Buying followers is the clearest example of a vanity metric: a number that goes up while nothing real improves. Bought followers do not engage, do not buy, and get flagged as fake by both the platform and your actual audience. The number climbs and the business is no better off. That gap, between a metric moving and anything mattering, is the trap.
I once watched an account go from 35 followers to more than 10,000 in an afternoon. None of them were real. It was hard to watch, and it is a useful place to start, because the same mistake shows up far beyond social media. A team optimizes the number that is easy to move instead of the outcome that is hard to earn.
A useful metric is both accurate and aligned with your goals. Making your numbers go up is pointless if the numbers aren’t related to why you went to work this morning.
Seth Godin
Why vanity metrics are so tempting
Social media rarely pays off in a way that shows up cleanly on a spreadsheet.
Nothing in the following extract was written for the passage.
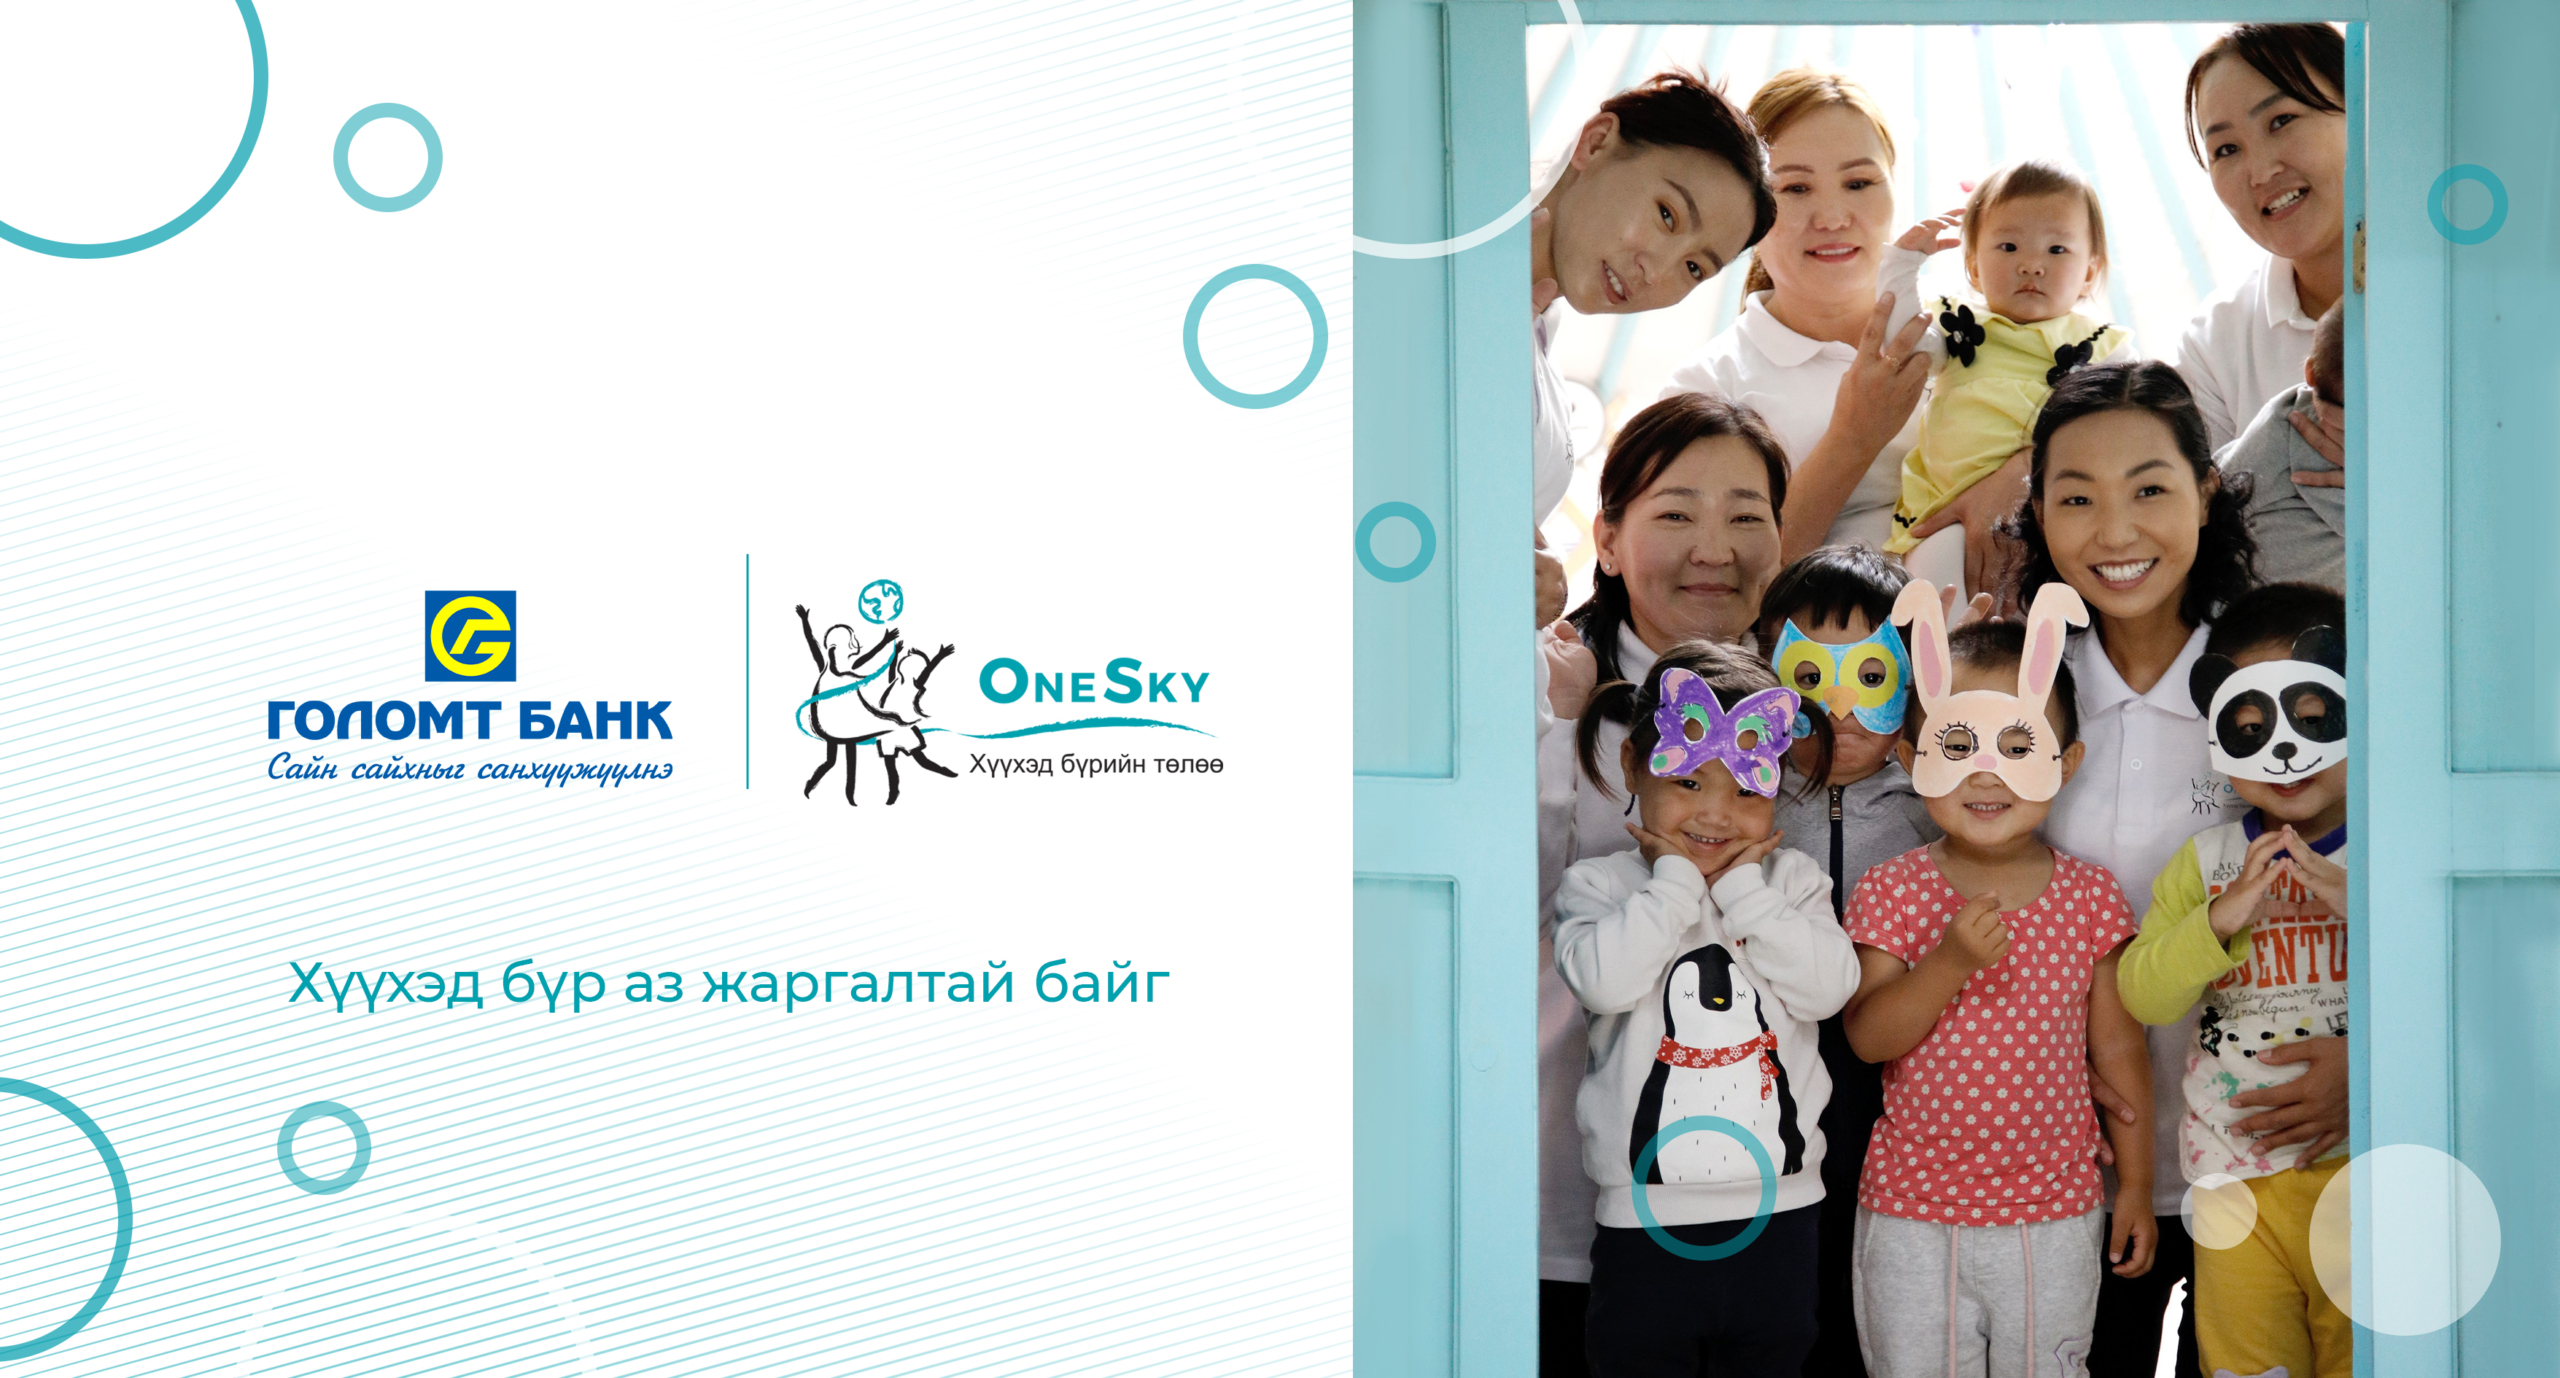 Голомт банк “OneSky” хүүхэд хөгжлийн байгууллагад дэмжлэг үзүүлж хамтран ажиллана
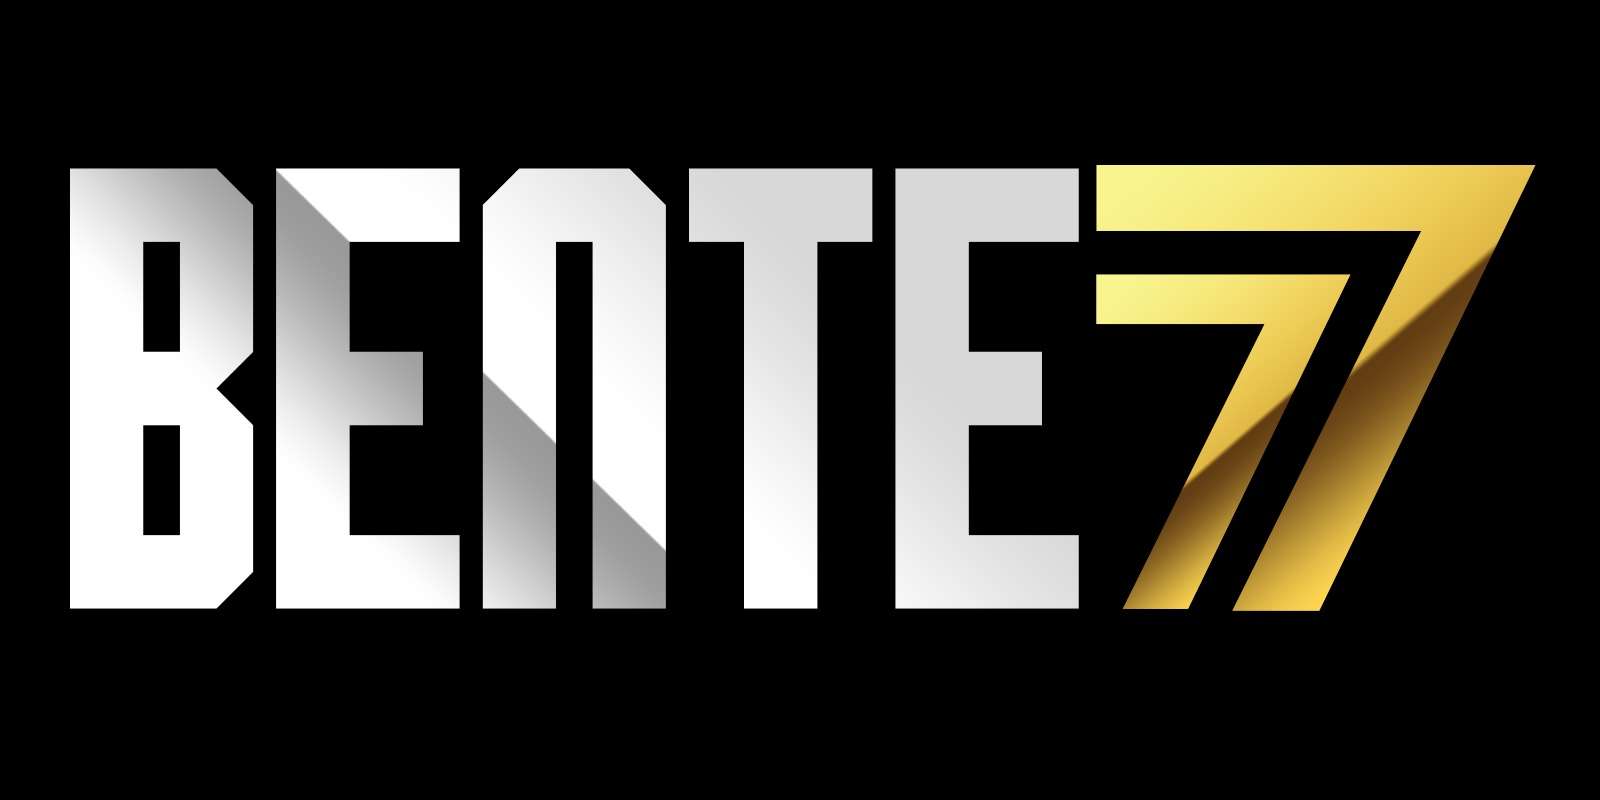 BENTE77 Online Casino

That makes it a hard sell against budgets that expect a monetary return, and it makes the easy numbers, followers and likes, look more important than they are. The real return is value, not a dollar figure. Social media is worth the investment for reasons that do not fit in a single metric.
- Build a brand and establish credibility by telling a truthful story
- Engage a community and go where your customers already are
- Learn what customers say about you, which is free public opinion polling
- Handle support and service where people are already talking
None of that is “social media will make you rich.” The better question is not what a channel costs against its raw traffic, but how valuable it is to know how your customers feel and to have the chance to respond.
The shortcut backfires three ways
Buying followers does not just fail to help. It actively costs you. Search engines have weighed social signals and demoted spammy, content-farmed accounts for years, so if traffic is the goal, fake followers work against it. Engaged users spot a fake account in seconds: 10,000 followers against a handful of tweets and almost no mentions is an account to avoid, not follow. And it erodes credibility, which is the one thing on the value list that everything else depends on.
Credibility is the asset that compounds
Credibility is trust, and trust is also taste. Steve Jobs described taste as original ideas and bringing culture to your products. Being credible and tasteful matters at every level of a business, including with your own team. The best employees want to build something real, and shortcuts turn that off. People who would otherwise take ownership recoil at being represented online by a bought audience. I keep coming back to this idea in my writing on why taste is doing more work than you think.
This is the same pattern I see in product work. A bought follower count is a build-trap metric: it looks like progress and produces nothing. The discipline is to measure the outcome, not the output, which is the through-line in why most build traps look like progress.
Frequently asked questions
What is a vanity metric?
A vanity metric is a number that is easy to move but not connected to a real goal. Follower counts, likes, and raw traffic are common examples. They feel like progress without proving that anything valuable happened.
Why is buying followers a bad idea?
Bought followers are fake. They do not engage or buy, platforms flag and remove them, search engines demote spammy accounts, and real users distrust an account whose follower count does not match its activity. It costs credibility and produces no value.